In humans, Madsen et al. [29] showed the value of the metabolome in the early diagnosis of RA established even before expression of the anti-CCP antibodies. Here, mass spectrometry analysis of the metabolome established RA diagnosis with a sensitivity of 93 % and a specificity of 70 %. The metabolomic profile in RA patients compared to healthy controls showed an increase in certain biomarkers (3-phospho-glyceric acid, d-ribofuranose and hypoxanthine) and a decrease in others (histidine, threonic acid, threonine, methionine, cholesterol and asparagine).

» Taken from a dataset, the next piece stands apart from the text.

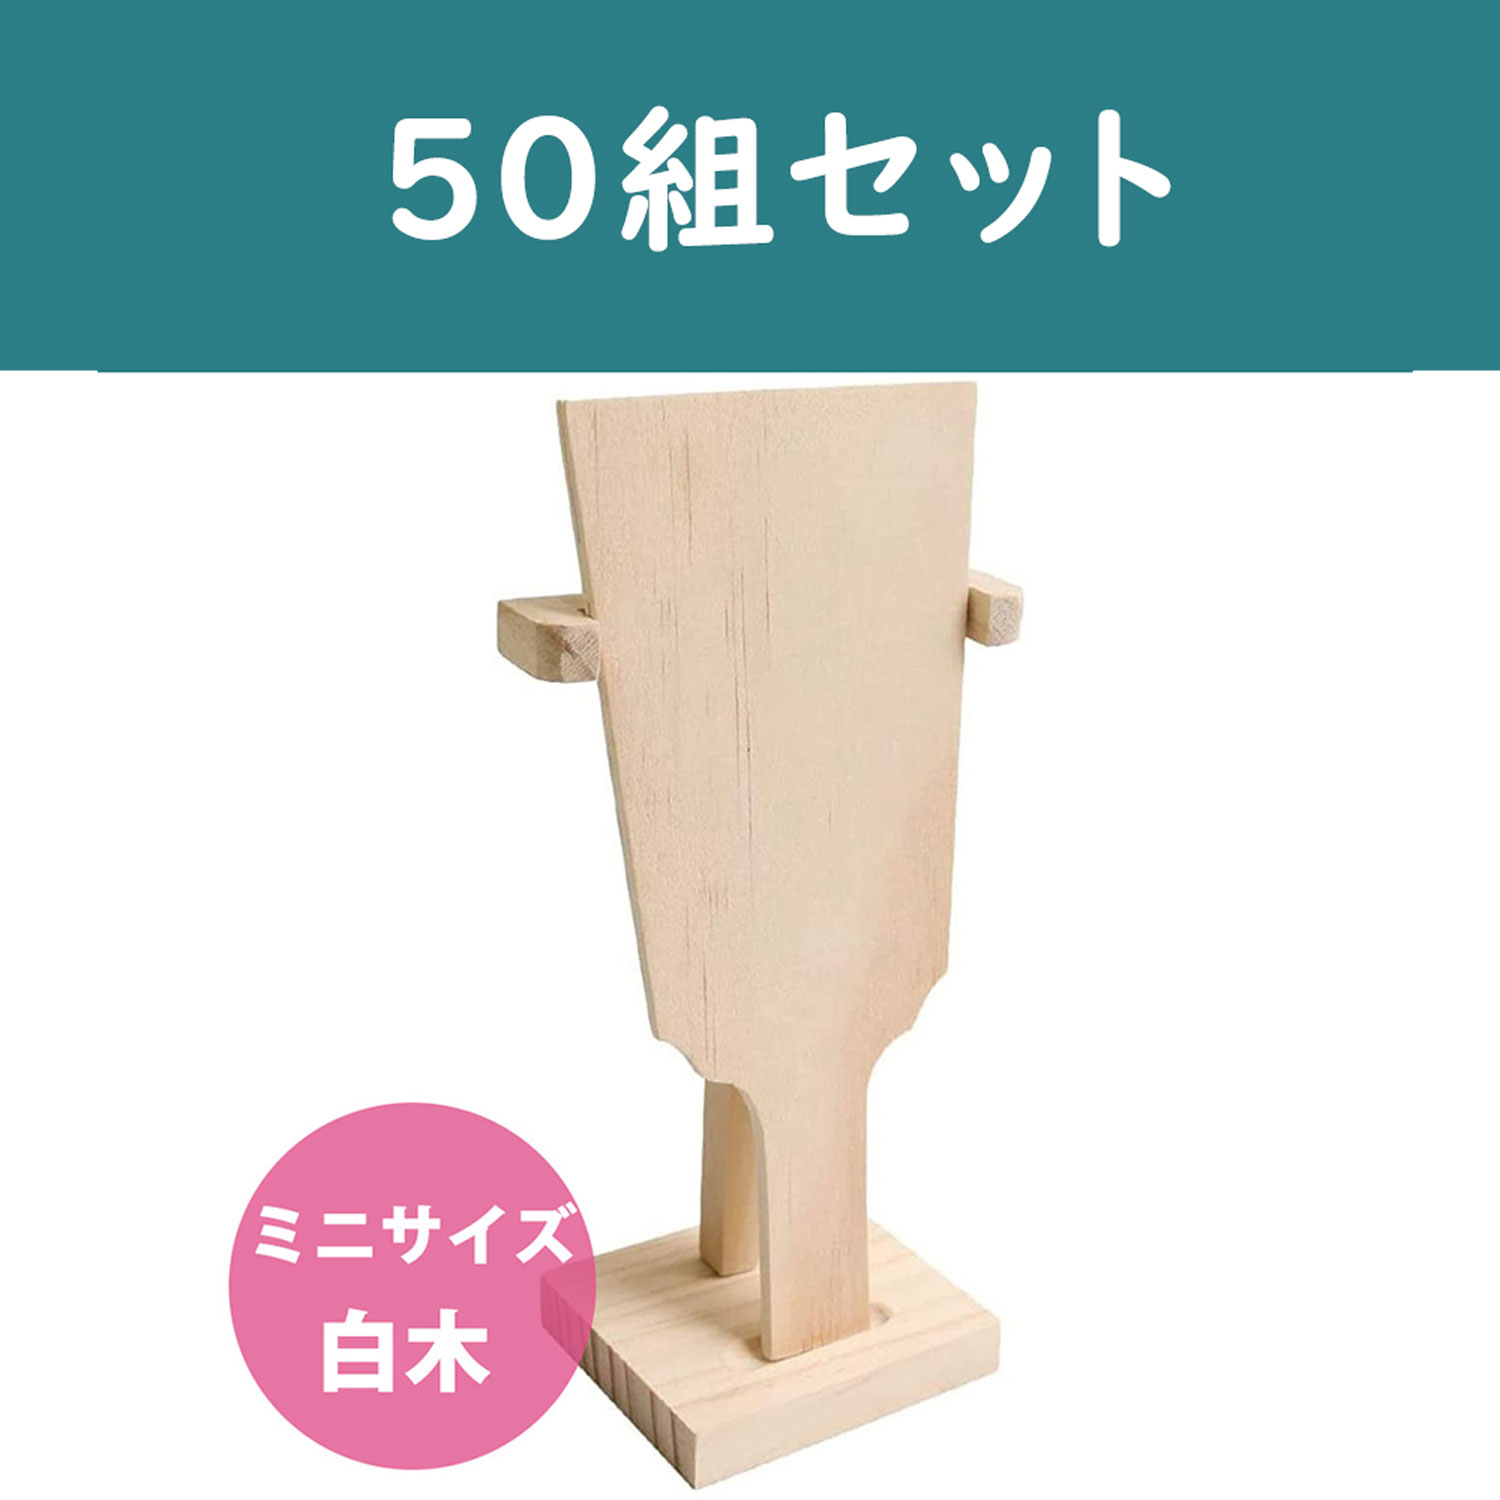 【第二弾】CC1290-50 ミニ羽子板 白木 50組 (セット)

The metabolome appears to vary in response to RA disease activity. Lauridsen et al. [30] studied the serum metabolome by NMR mass spectrometry in 47 RA patients (23 with active RA and 24 with RA in remission) and 51 control subjects for one year, and reported a significant difference (p = 0.0007) in metabolomic profile between patients with active RA and those in remission. They identified several potential markers of RA disease severity, including total cholesterol, lactates, acetyl glycoprotein and lipid derivatives. The difference between the two groups was non-significant (p = 0.91) at 31 days after initiation of effective treatment in patients with active RA. The metabolome of the two patient groups remained different from that of the control group.

Nevertheless, studying the metabolome could not only improve the diagnosis of a disease but also predict the tolerance and effectiveness of certain treatments [31]. For example, analysis of the urinary metabolome was able to predict the digestive toxicity of non-steroidal inflammatory drugs in rats [32].

However, there is only one documented report on urine metabolomic variations in RA patients on anti-TNF-alpha treatment. Kapoor et al. [11] showed that variations in metabolomic profile correlated with response to anti-TNF agents according to EULAR criteria with a good sensitivity (88.9 %) and specificity (85.7 %). Variation of expression of histamine, glutamine, xanthurenic acid and ethanolamine were particularly significant and predictive. There is no published metabolomic analysis of plasma samples concerning response to anti-TNF-alpha treatment in RA patients.

Conclusion

This is the first study describing metabolic profiling in response to anti-TNF treatments using plasma samples. The study highlighted two different metabolic profiles splitting good responders from non-responders. Our metabolomic approach needs to be completed by screening larger cohorts of patients and investigating outcomes with other biologic agents in patients with severe RA. Metabolomic analysis remains expensif but in case of identification of pertinent biomakers, classic quantitative analysis could be used in clinical practice.